Facing up to Palliative Care

8 Apr 2018 11:16 AMJen Fitzgerald
Facing up to Palliative Care

Palliative Care is not meant to be a fun unit and is very serious in its content. It may seem complicated, but it is a crucial part of the job. Learn more.

Having just finished training in Palliative Care (PC) this week, I always find it is a difficult unit for many students to learn as it is very confronting. For many, it is their lack of experience plus our English culture does not address death openly and we treat the topic very formally and solemnly. The students are usually very quiet during the lessons and a forbidding mood takes over the classroom.

It is not meant to be a fun unit and is very serious in its content. No one wants to face up to death but it is a part of an assistant nurses job.

From an article, called Barriers to Access to Palliative Care by Pippa Hawley*, studies of palliative resources and referrals were reviewed. One study found  that patients only received 20 days of palliative care in the home or in residential care.

The article listed the barriers to accessing a specialist PC service:

• Fear of upsetting patients

• Not wanting to abandon them

• Seeing referral as an admission of failure

• Not understanding the benefits of referral

Also barriers for aged care workers may be:

• Lack of resources to refer to

• Not knowing what resources exist

• Ignorance regarding what palliative care is

• Reluctance to refer

• The reluctance of patient and/or family to be referred

So all these barriers may mean the patient/resident is not getting the end of life care they require.

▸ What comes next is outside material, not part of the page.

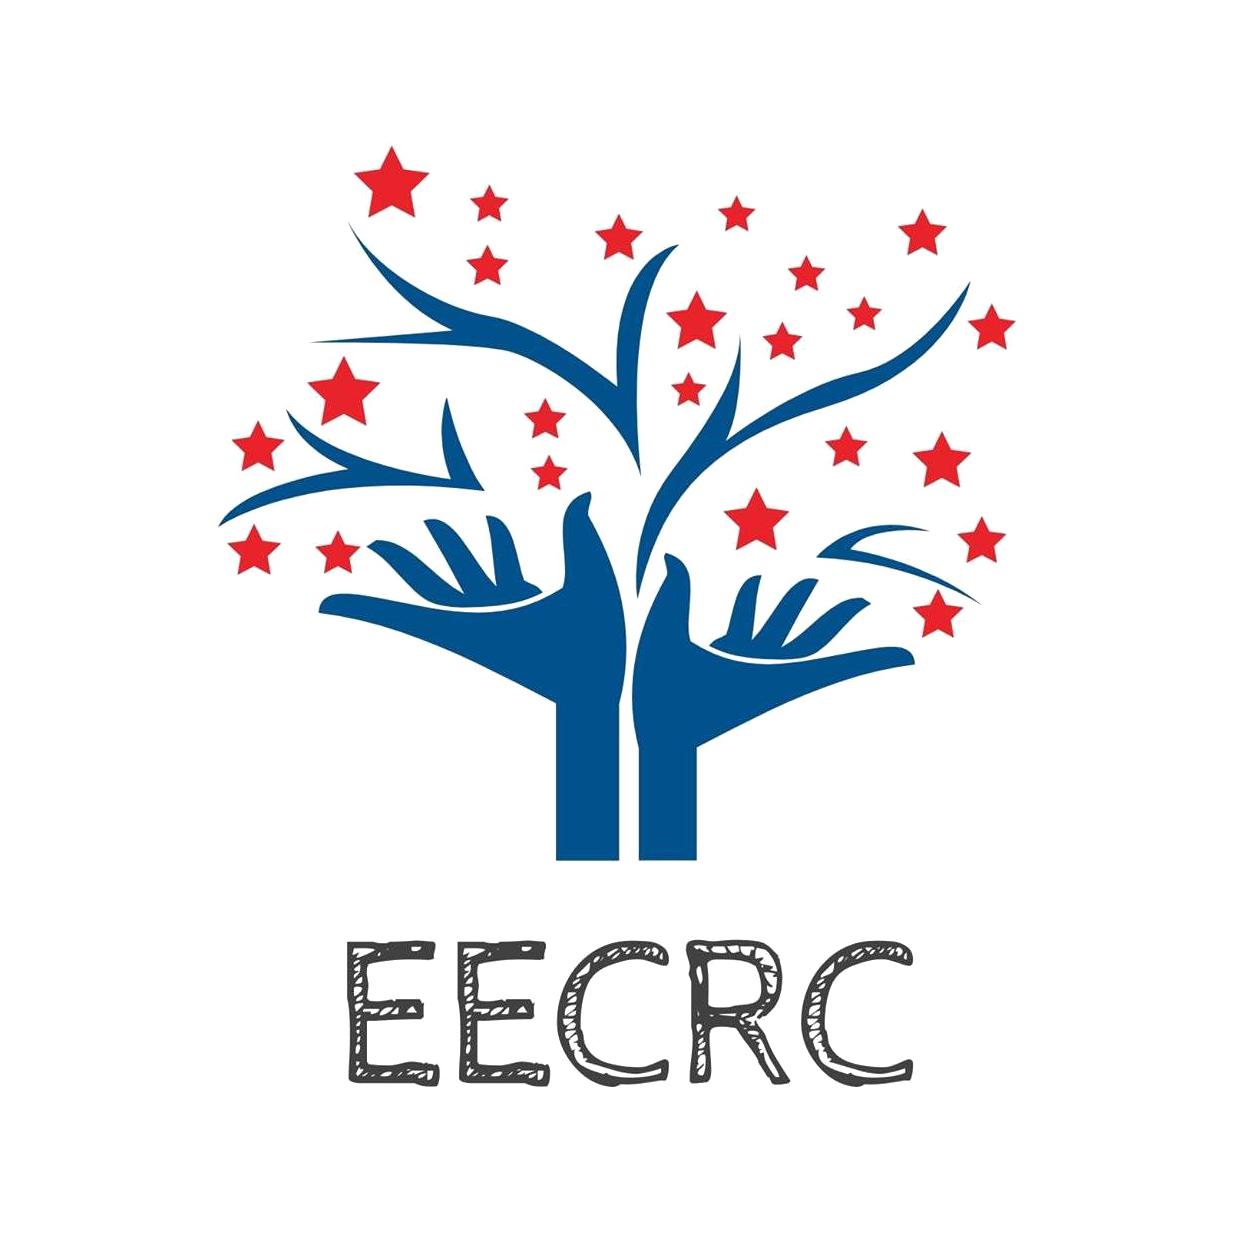 eecrc-logo.png
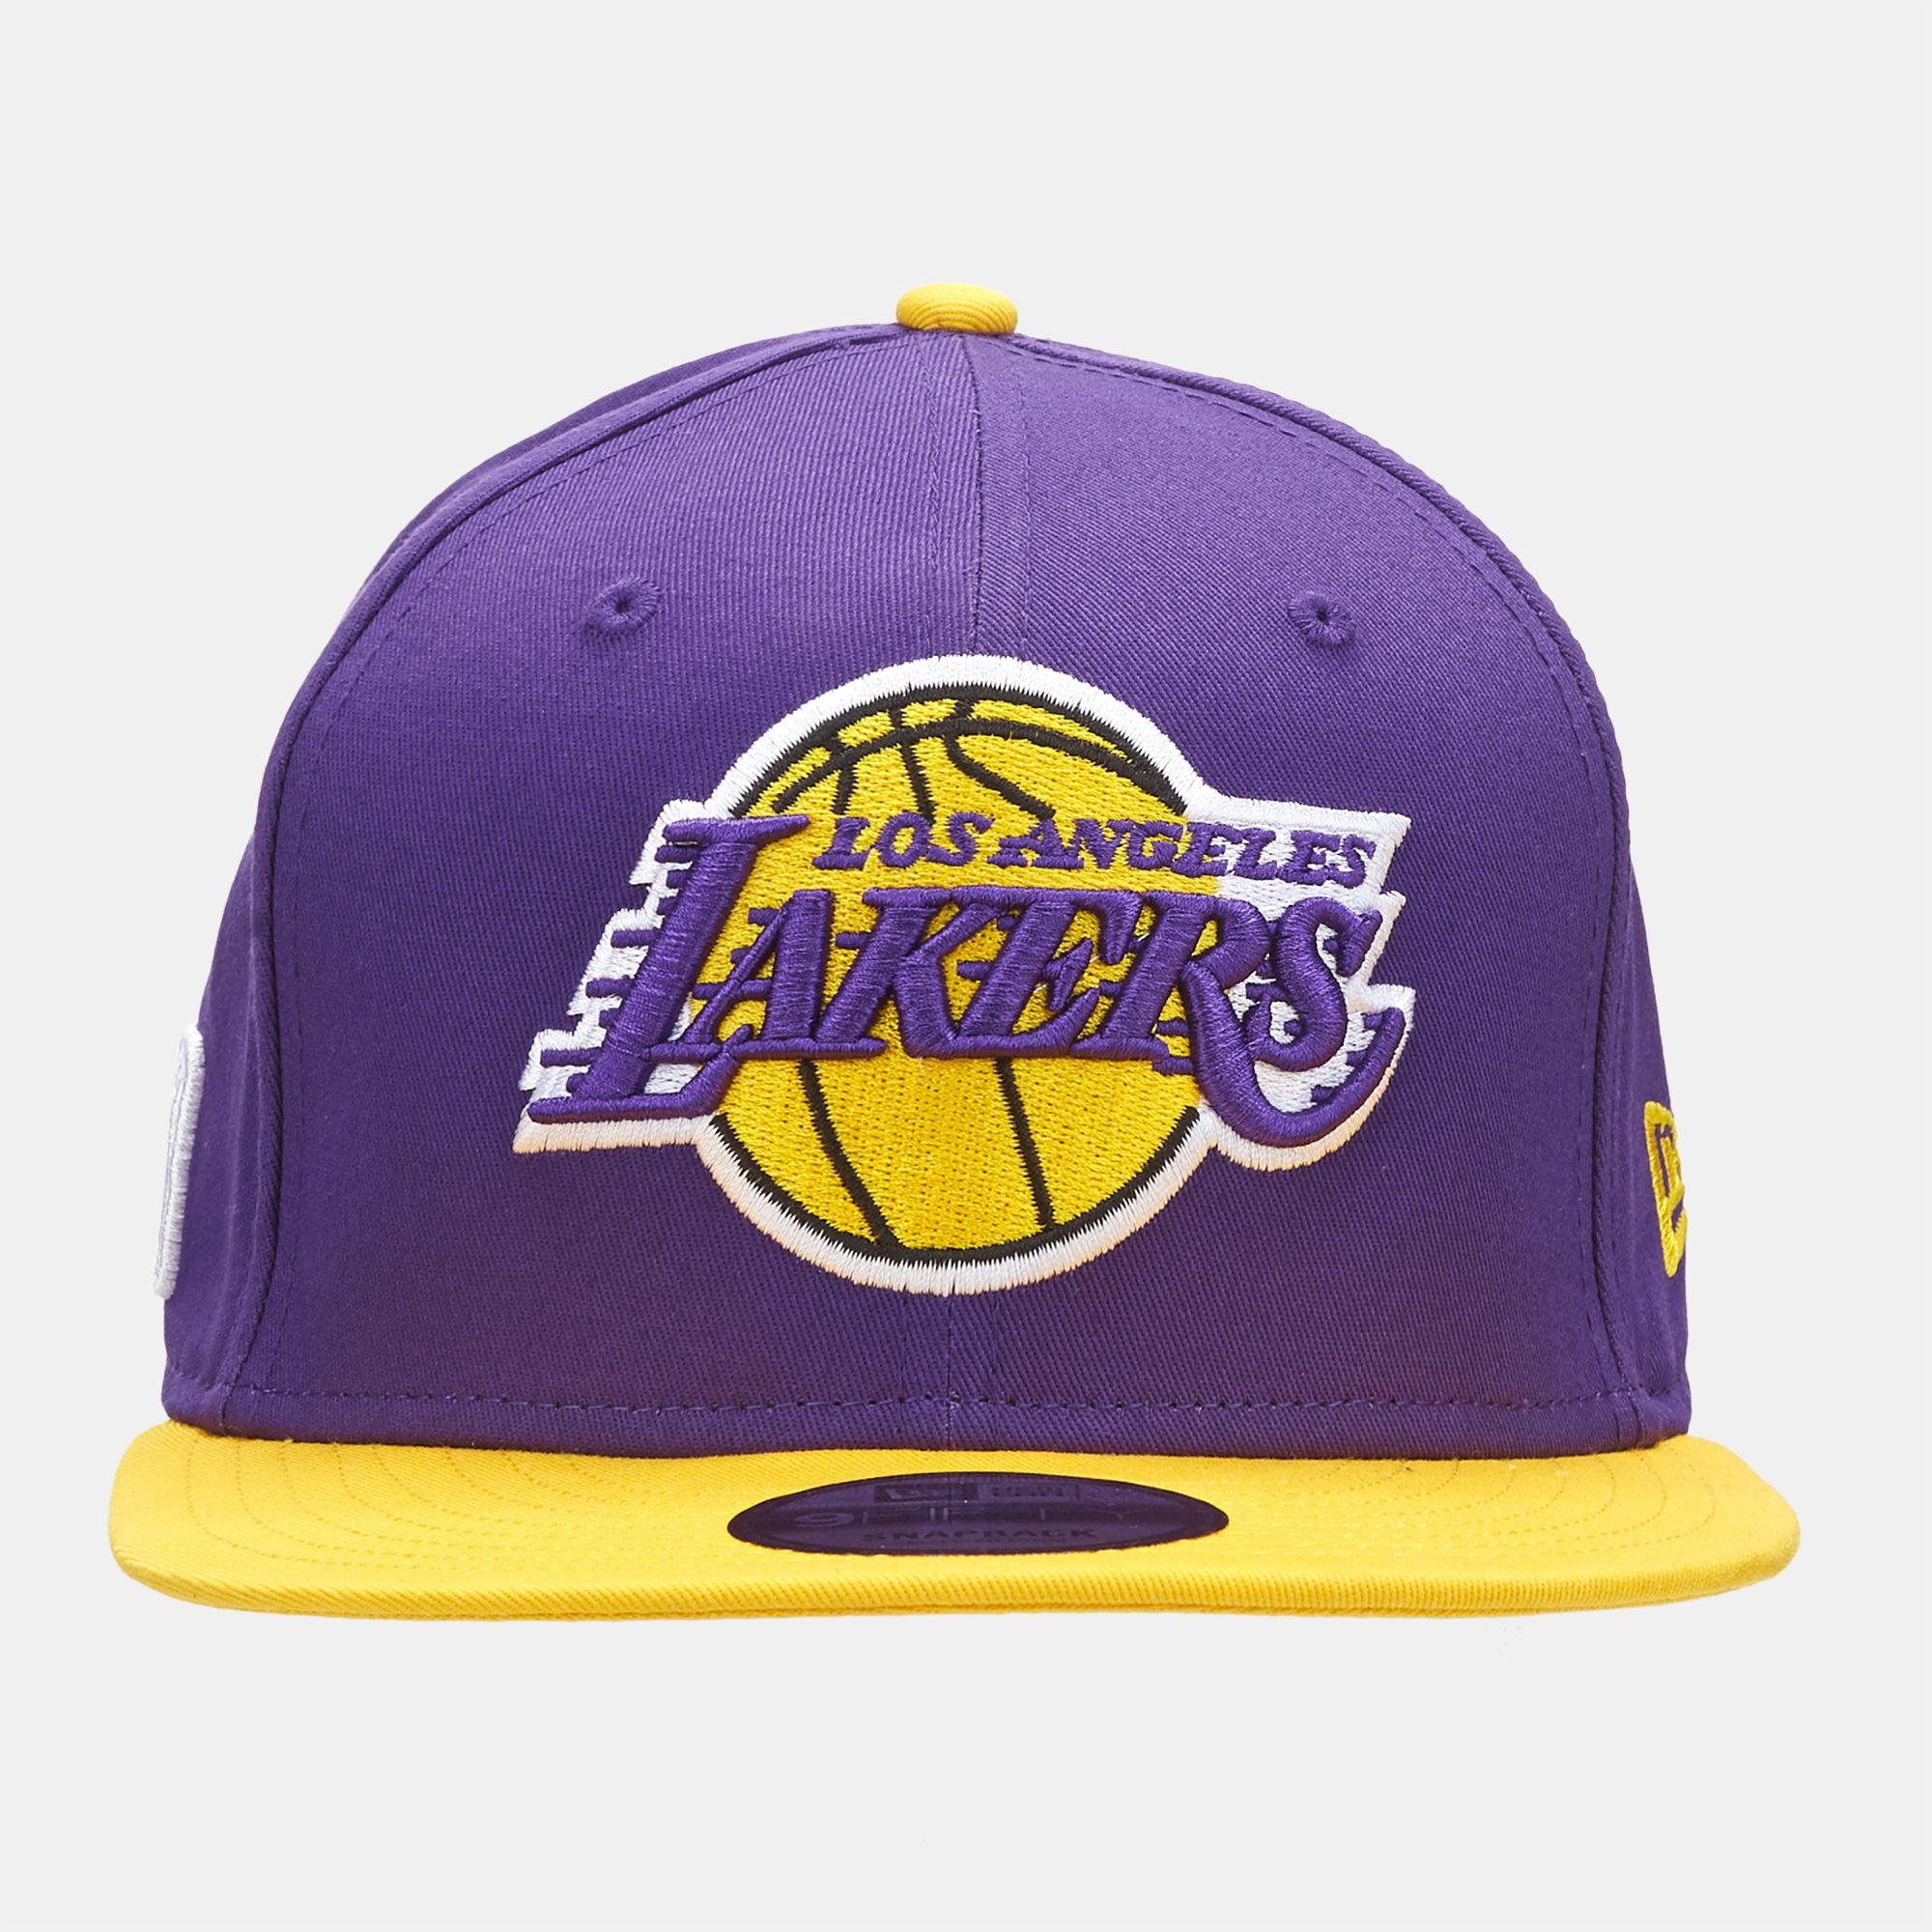 c2868009ebd7c9 Shop Purple New Era NBA Los Angeles Lakers 9FIFTY Snapback Cap for ...

What can I do as an assistant nurse?

Ensure you keep up to date with PC education. Take the Dying2learn online course, starting in May. Register here>> 

Know who are the local palliative care services and suggest the family contact them. Also look up PC on the myaged care site. 

*Source Hawley, P. (2017). Barriers to Access to Palliative Care. Palliative Care, 10. Published online 2017 Feb 20.